4 separate ETF filings for HYPE — from Grayscale, VanEck, 21Shares, and Bitwise — have been submitted in the course of the quarter, per the report.
The Worst Crypto Quarter Since 2018
The report doesn’t sidestep the first constraint: US individuals can not entry Hyperliquid’s frontend. Each income determine, each quantity quantity, and each person rely within the report displays a protocol producing these outcomes with out US market participation.
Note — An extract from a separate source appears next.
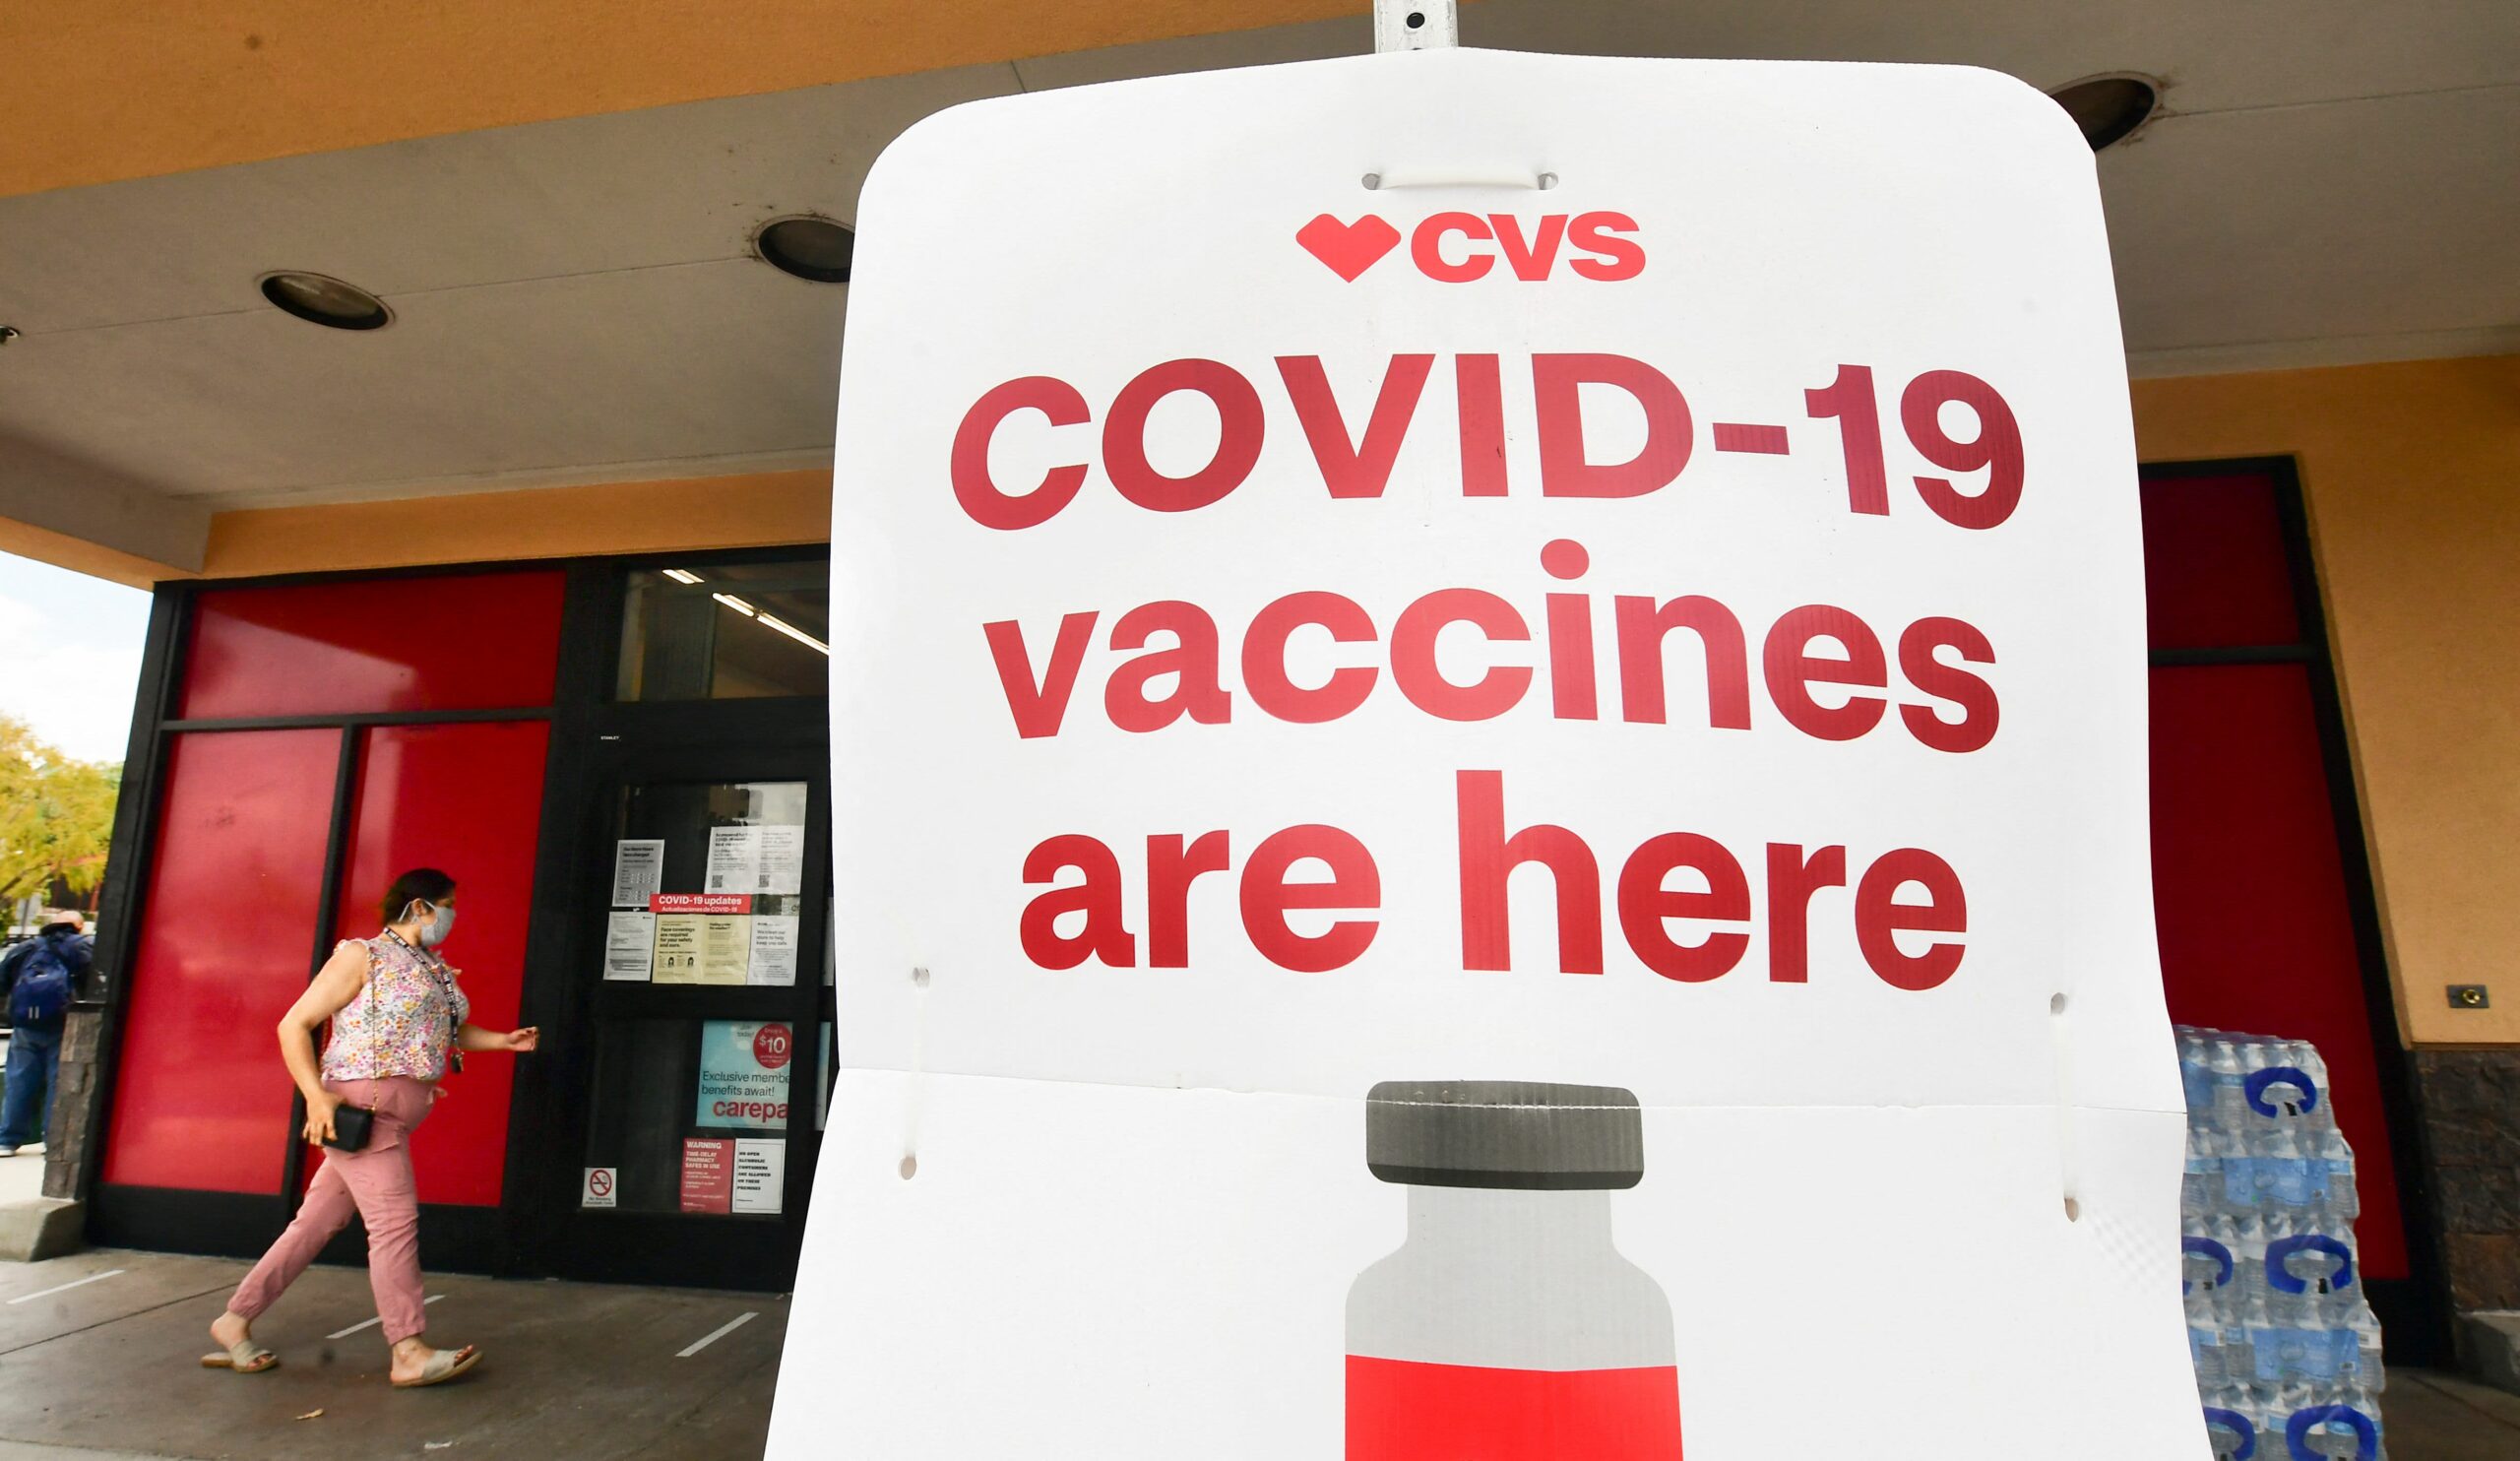 Walgreens, CVS and Ceremony Help supply same-day Covid vaccines as tempo slows

The HRC frames each ahead valuation of HYPE as, partly, a thesis on whether or not that regulatory wall ultimately comes down.
The Q1 2026 report marks a important juncture for Hyperliquid’s positioning inside the nascent sector. A decentralized change that processed stay commodity trades whereas legacy markets have been closed, licensed the S&P 500 for on-chain derivatives, and outperformed Bitcoin by 71 share factors within the worst crypto quarter in eight years is not a DeFi story. It’s more and more a monetary infrastructure story — and the establishments are starting to take discover.
On the above, David Schamis, CEO at Hyperliquid Methods said the next:
For a 12 months I’ve been saying Hyperliquid is rising as essentially the most thrilling buying and selling venue, interval. Q1 settled the argument. One of many worst crypto quarters since 2018 and the protocol nonetheless generated greater than $200M in income, purchased again >5M HYPE, introduced the S&P 500 onto a decentralized change and have become the value of oil when legacy markets have been closed for the Iran battle. This isn’ t a future story anymore — it’s all occurring now.